▸ WHAT IS BEING ASKED: Exactly as written, return every line of the data below apart from the pictures.

▸ DATASET CONTENT:
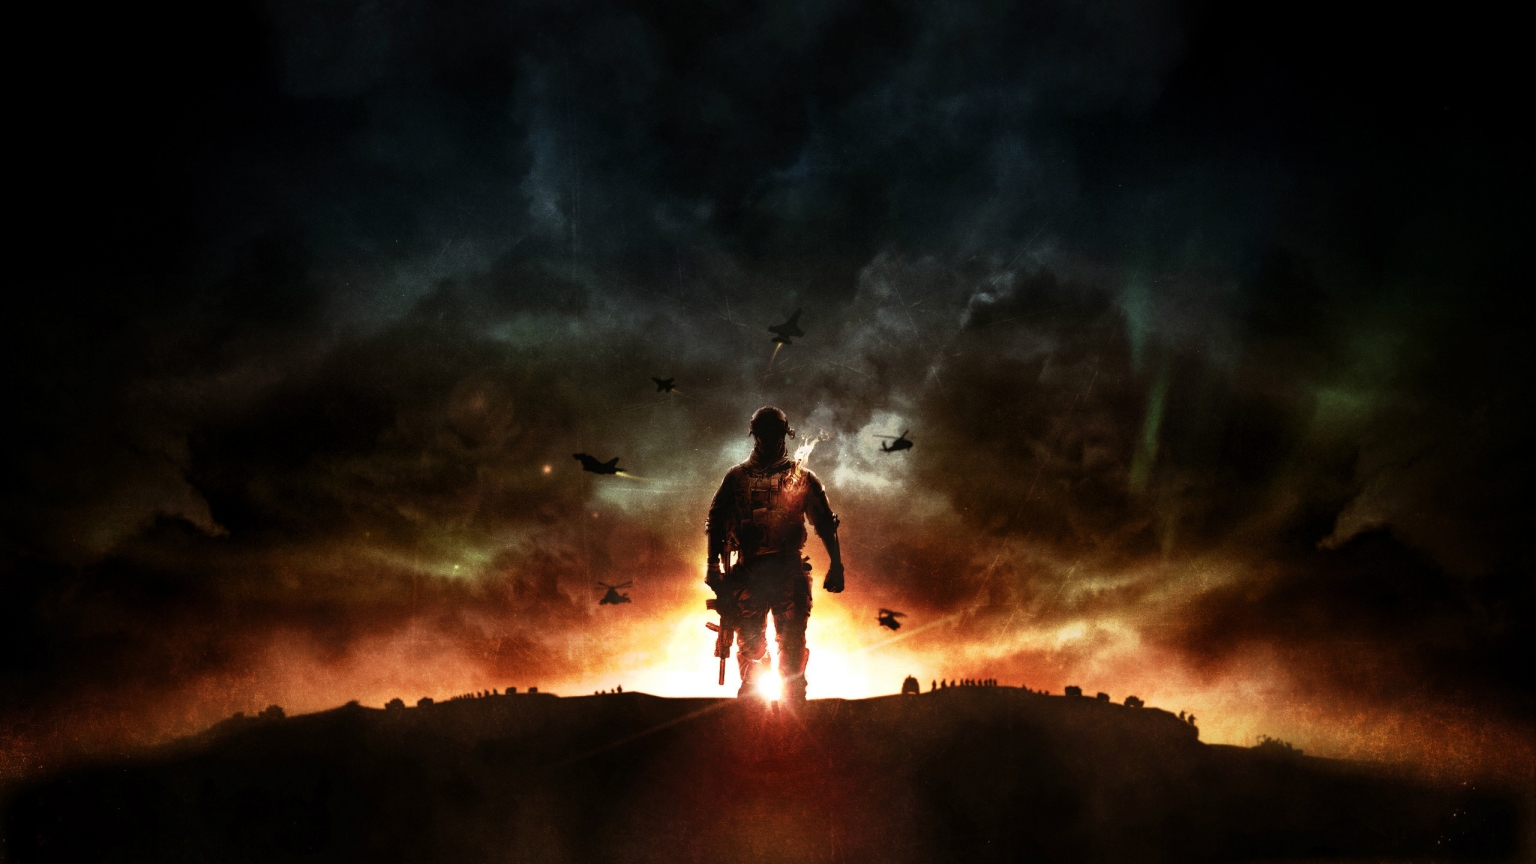 Battlefield 4 Sunset War for 1536 x 864 HDTV resolution
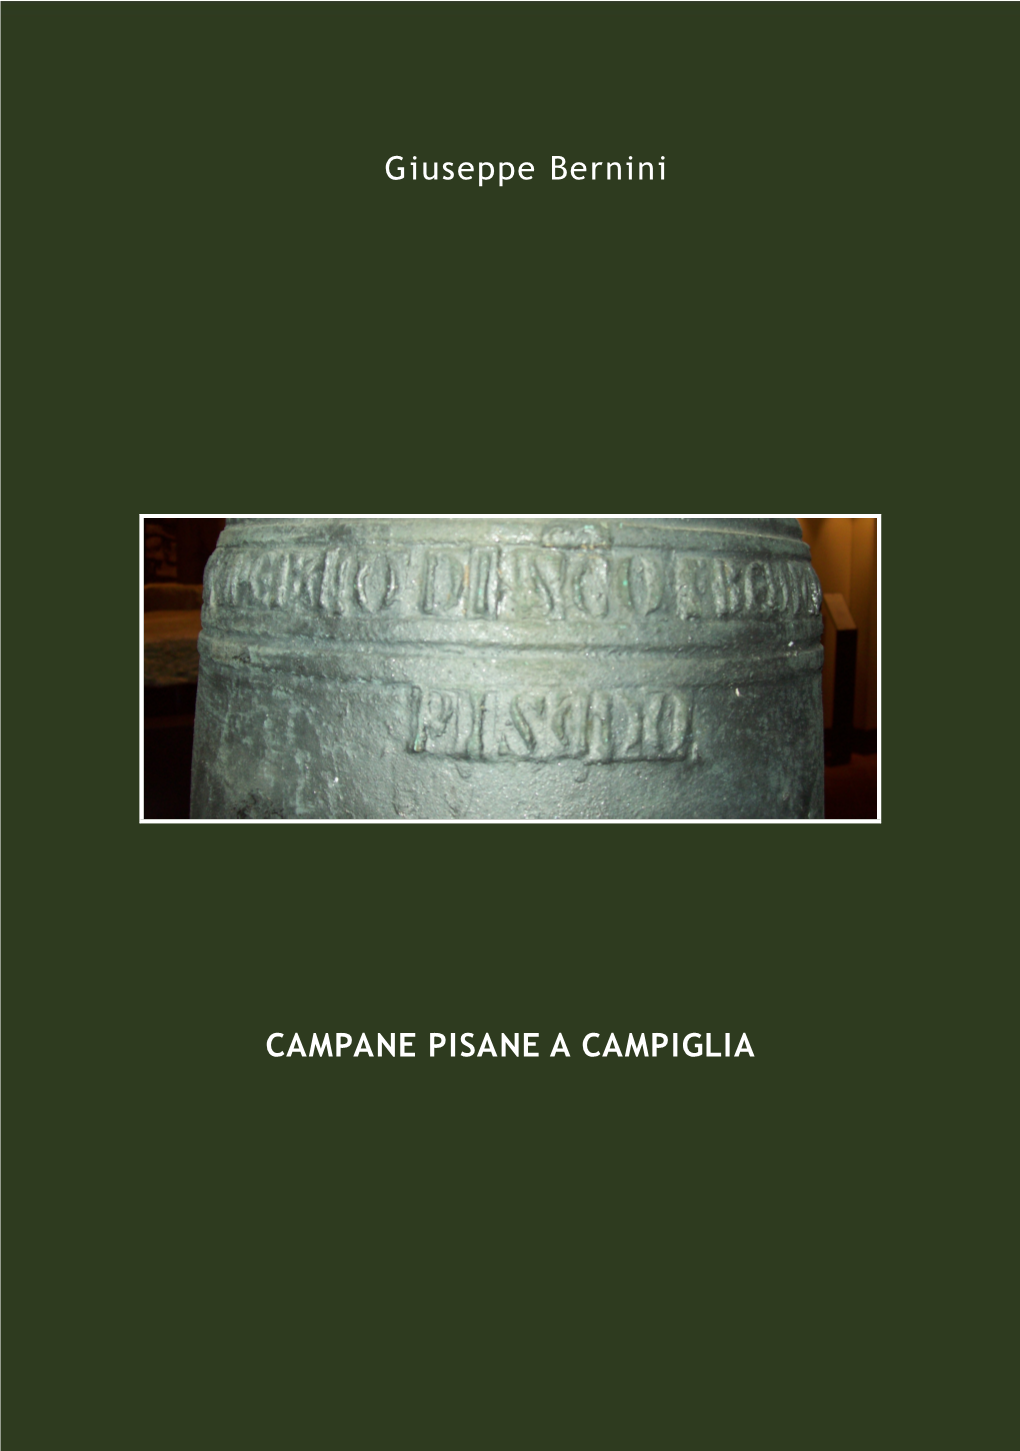 CAMPANE PISANE a CAMPIGLIA Giuseppe Bernini
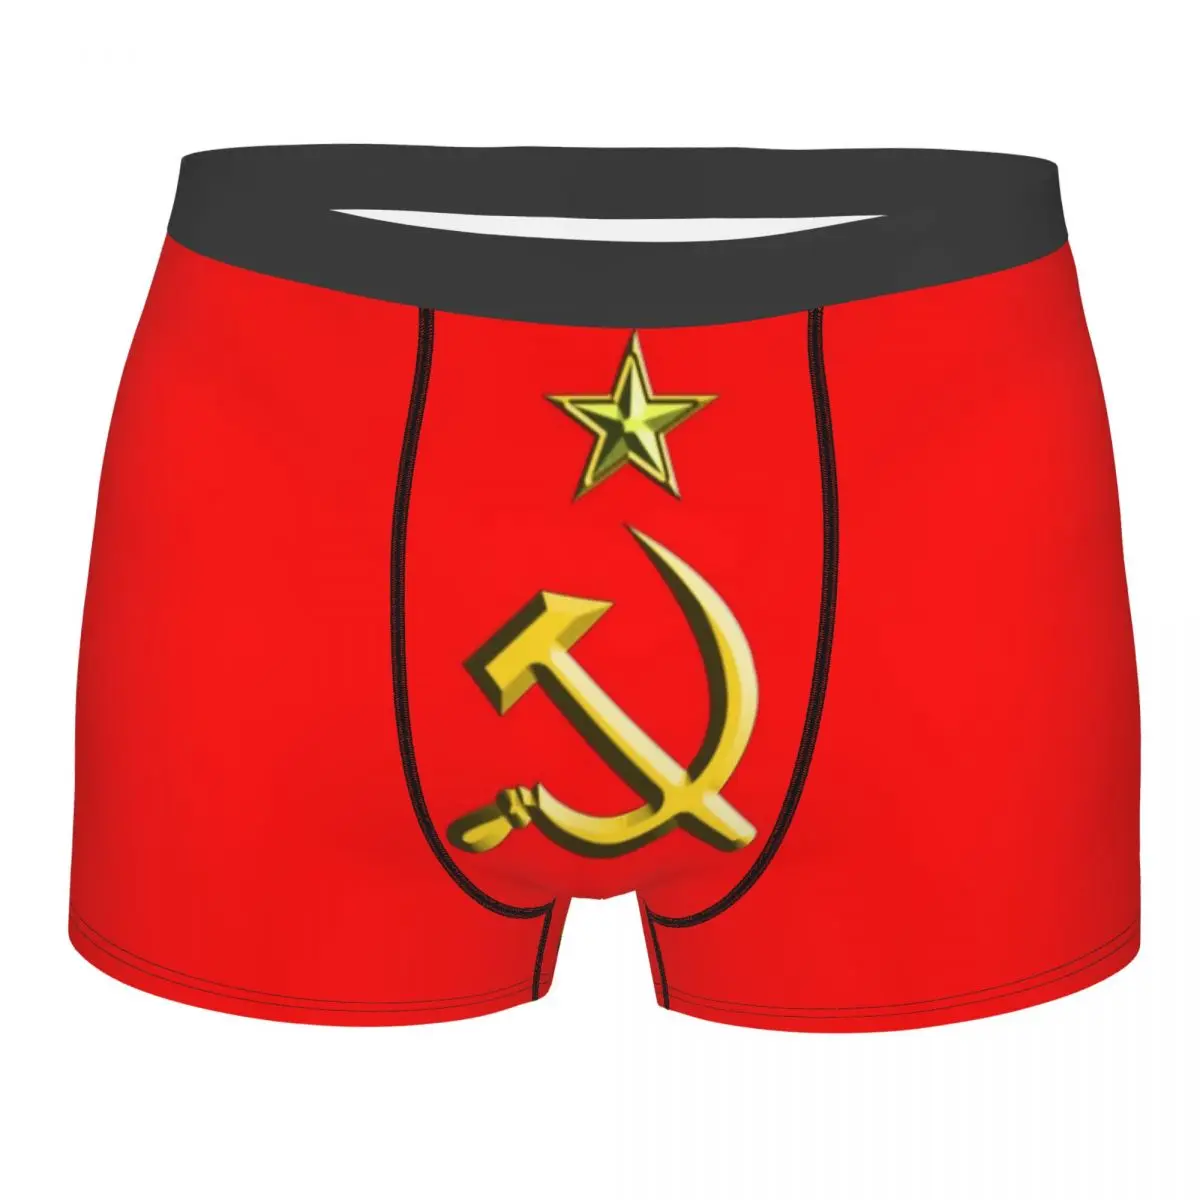 Humor-calzoncillos tipo bóxer para hombre, ropa interior de talla grande, con martillo y hoz, de Rusia, URSS, comunista, Unión soviético, CCCP

▸ FINISHED EXERCISE:
 Battlefield 4 Sunset War for 1536 x 864 HDTV resolution
 CAMPANE PISANE a CAMPIGLIA Giuseppe Bernini
 Humor-calzoncillos tipo bóxer para hombre, ropa interior de talla grande, con martillo y hoz, de Rusia, URSS, comunista, Unión soviético, CCCP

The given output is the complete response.